PROVIDED DATA
_ _ _ _ _ _ _

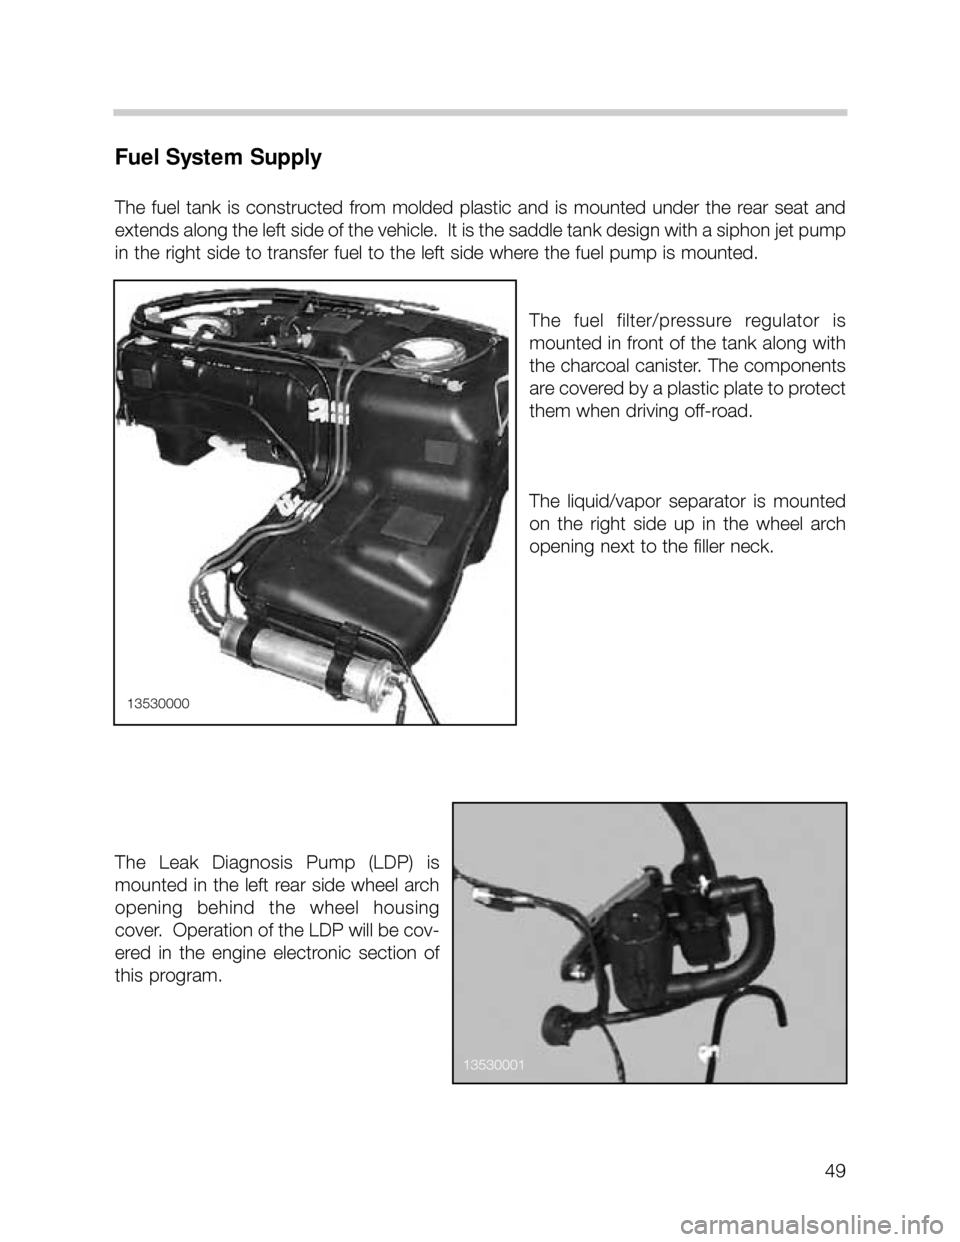 BMW X5 2002 E53 Service Manual 49
Fuel System Supply
The  fuel  tank  is  constructed  from  molded  plastic  and  is  mounted  under  the  rear  seat  and
extends along the left side of the vehicle.  It is the saddle tank design w
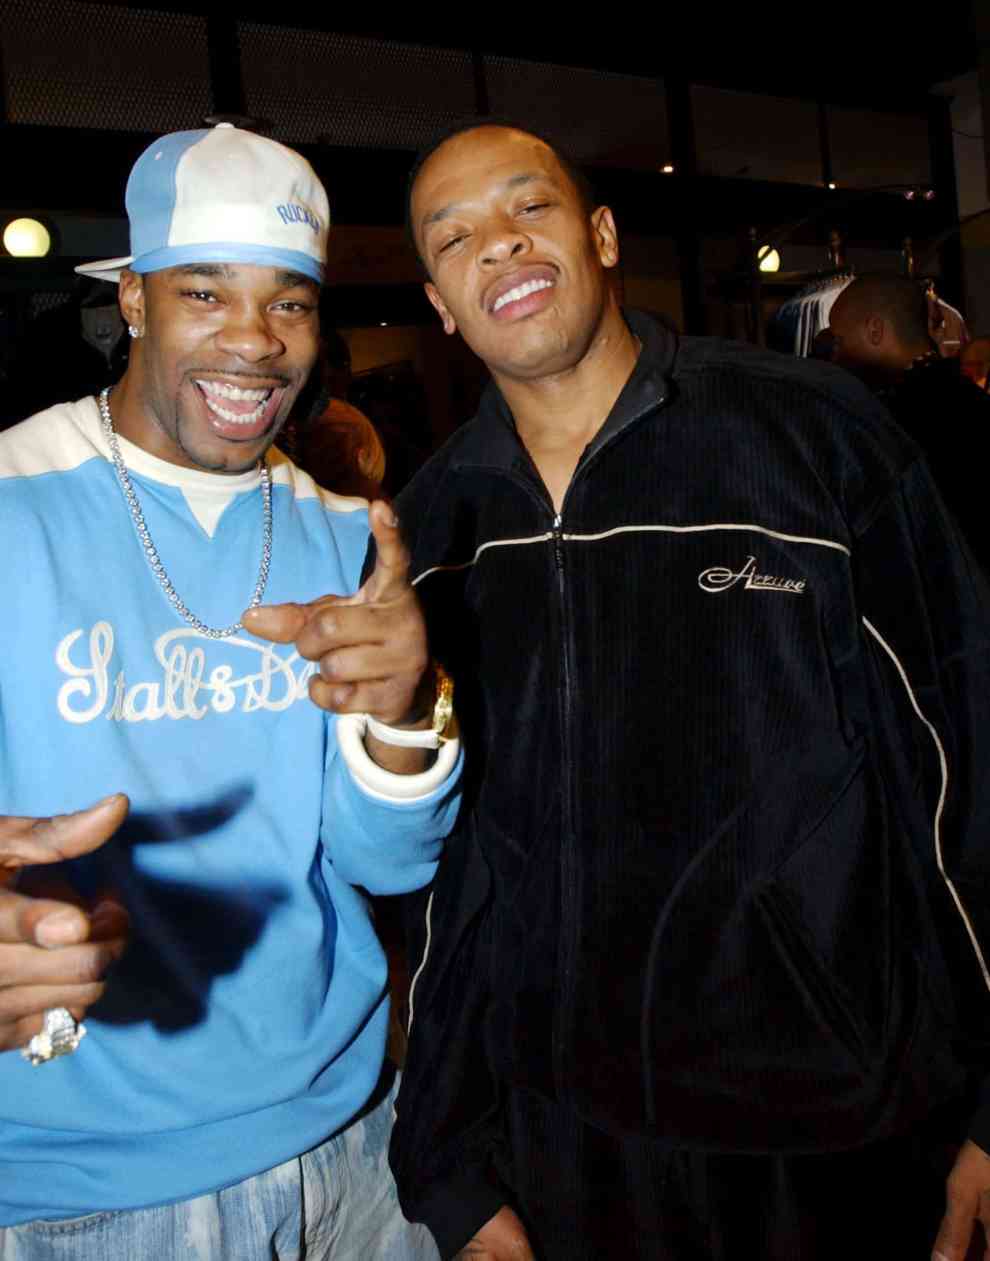 Busta Rhymes and Dr. Dre wearing blue and black
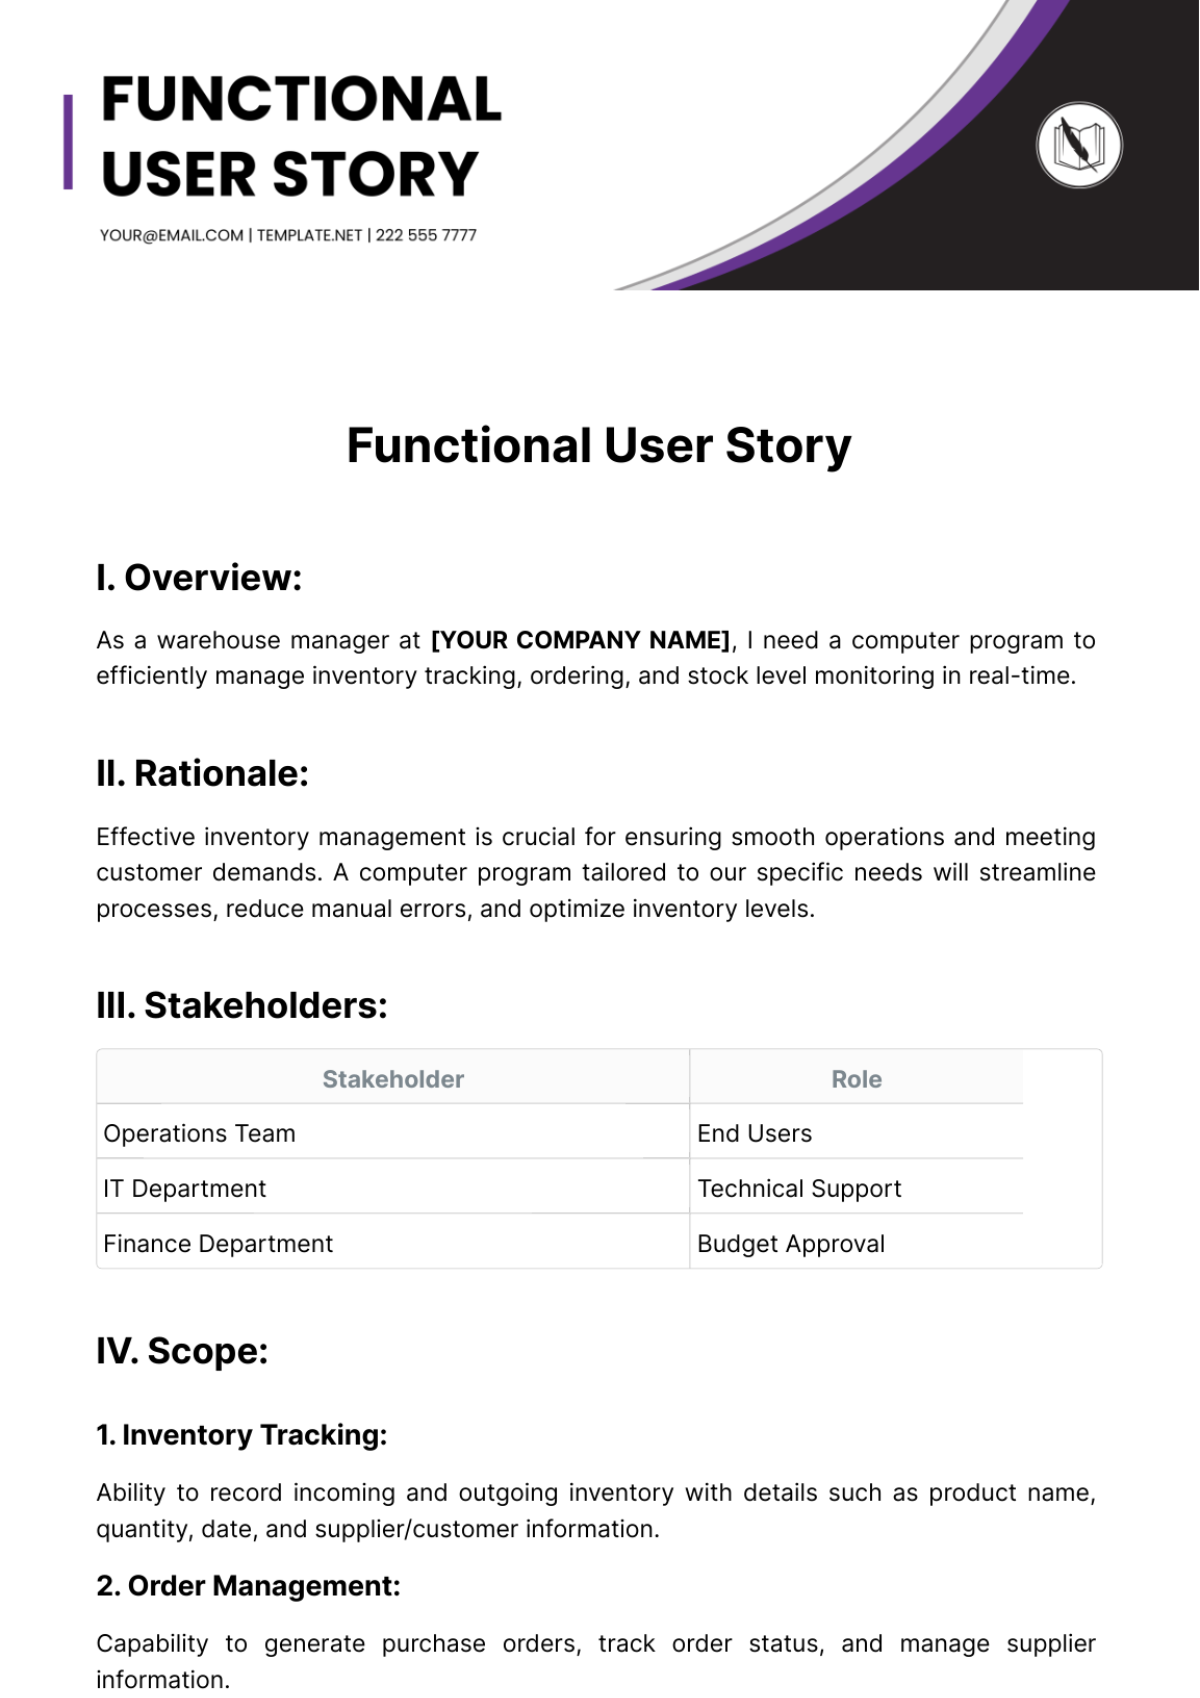 Functional User Story Template
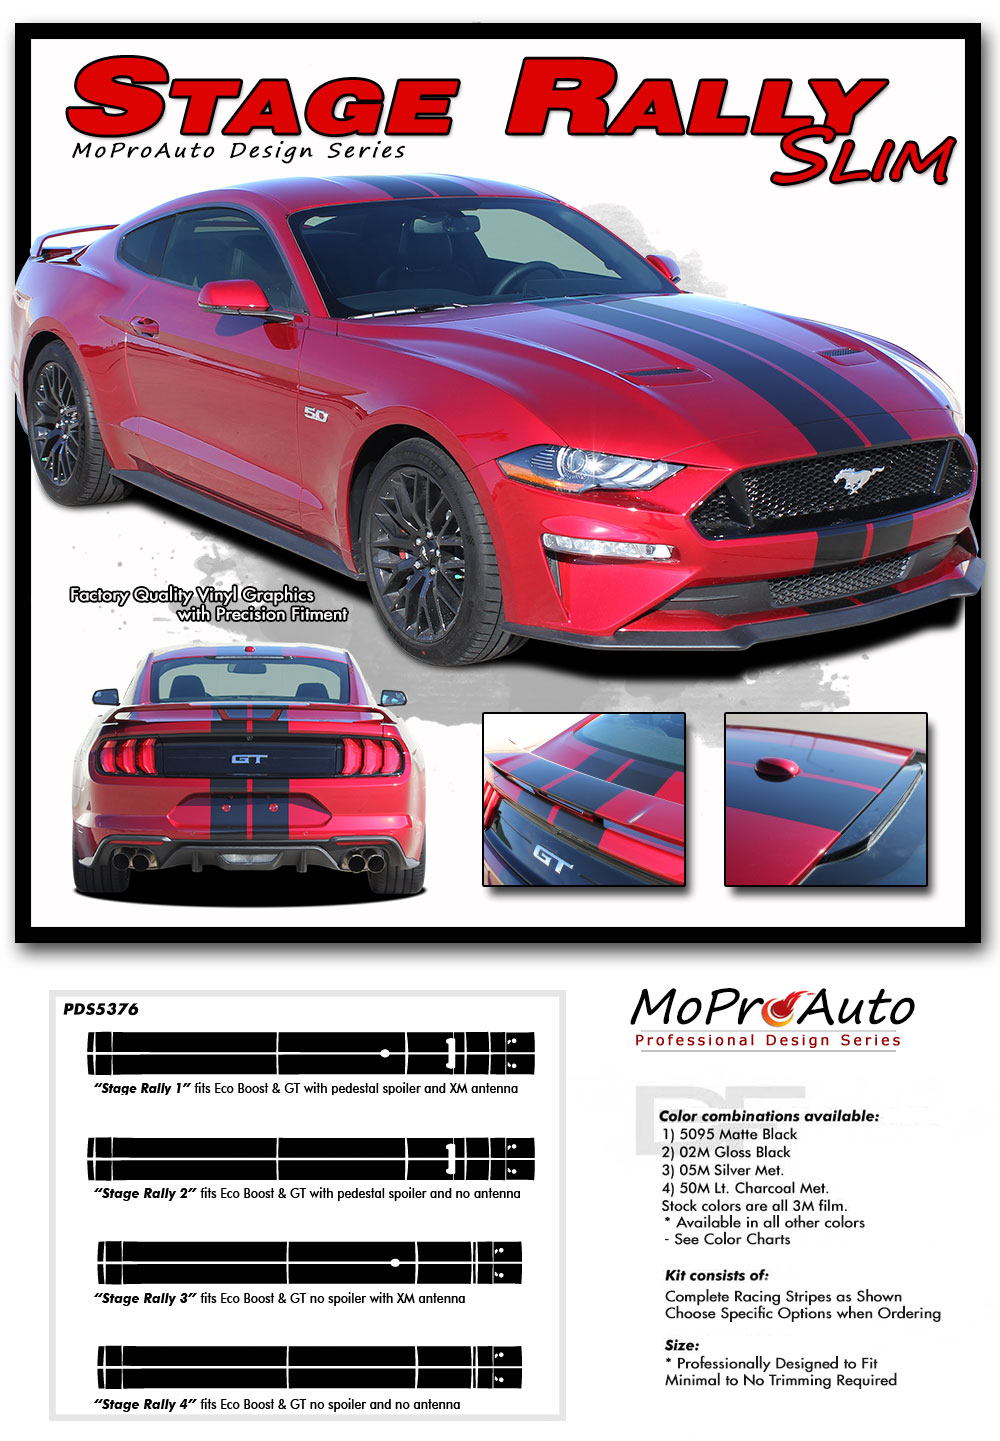 2018 2019 2020 2021 2022 STAGE RALLY SLIM OEM Style Racing Stripes for Ford Mustang - MoProAuto Pro Design Series Vinyl Graphics, Stripes and Decals Kit
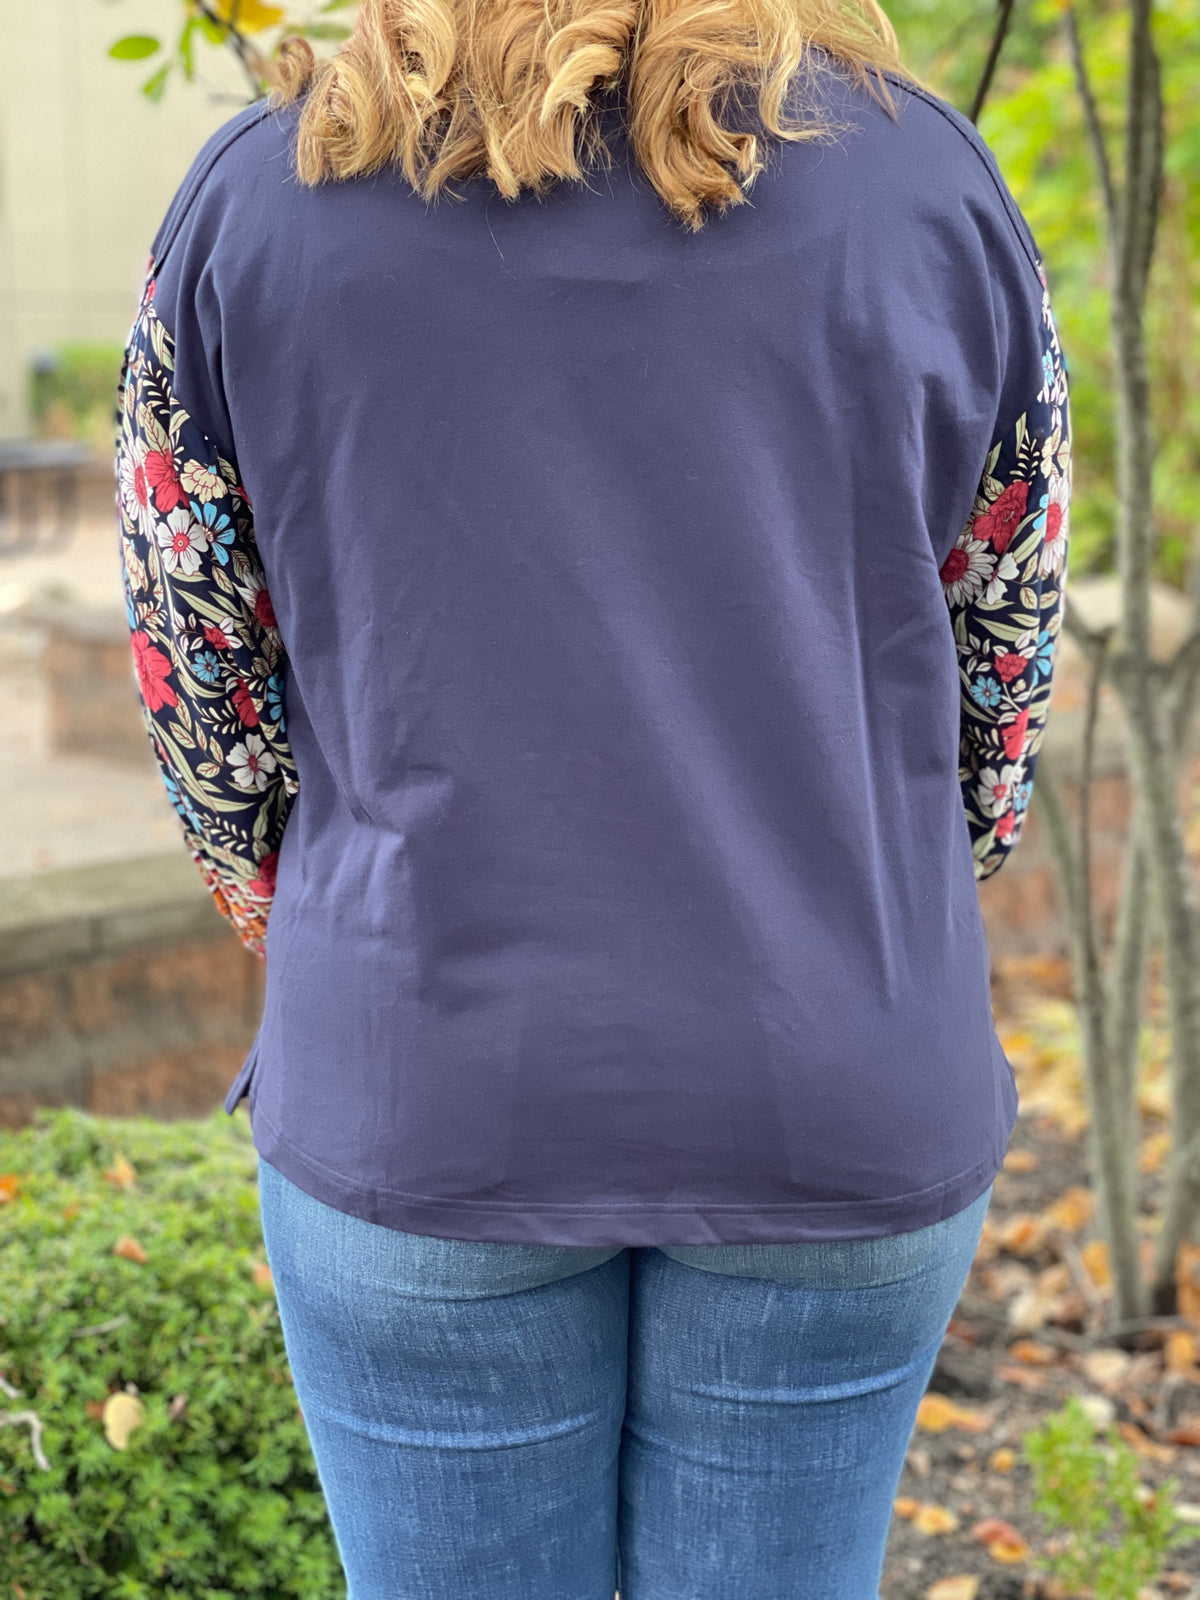 NAVY COTTON TOP W/ FLORAL CONTRAST SLEEVES

_ _ _ _ _ _ _

TASK OBJECTIVE
What you return should match the records above word for word, minus the pictures.

SOLUTION
 BMW X5 2002 E53 Service Manual 49
Fuel System Supply
The  fuel  tank  is  constructed  from  molded  plastic  and  is  mounted  under  the  rear  seat  and
extends along the left side of the vehicle.  It is the saddle tank design w
 Busta Rhymes and Dr. Dre wearing blue and black
 Functional User Story Template
 2018 2019 2020 2021 2022 STAGE RALLY SLIM OEM Style Racing Stripes for Ford Mustang - MoProAuto Pro Design Series Vinyl Graphics, Stripes and Decals Kit
 NAVY COTTON TOP W/ FLORAL CONTRAST SLEEVES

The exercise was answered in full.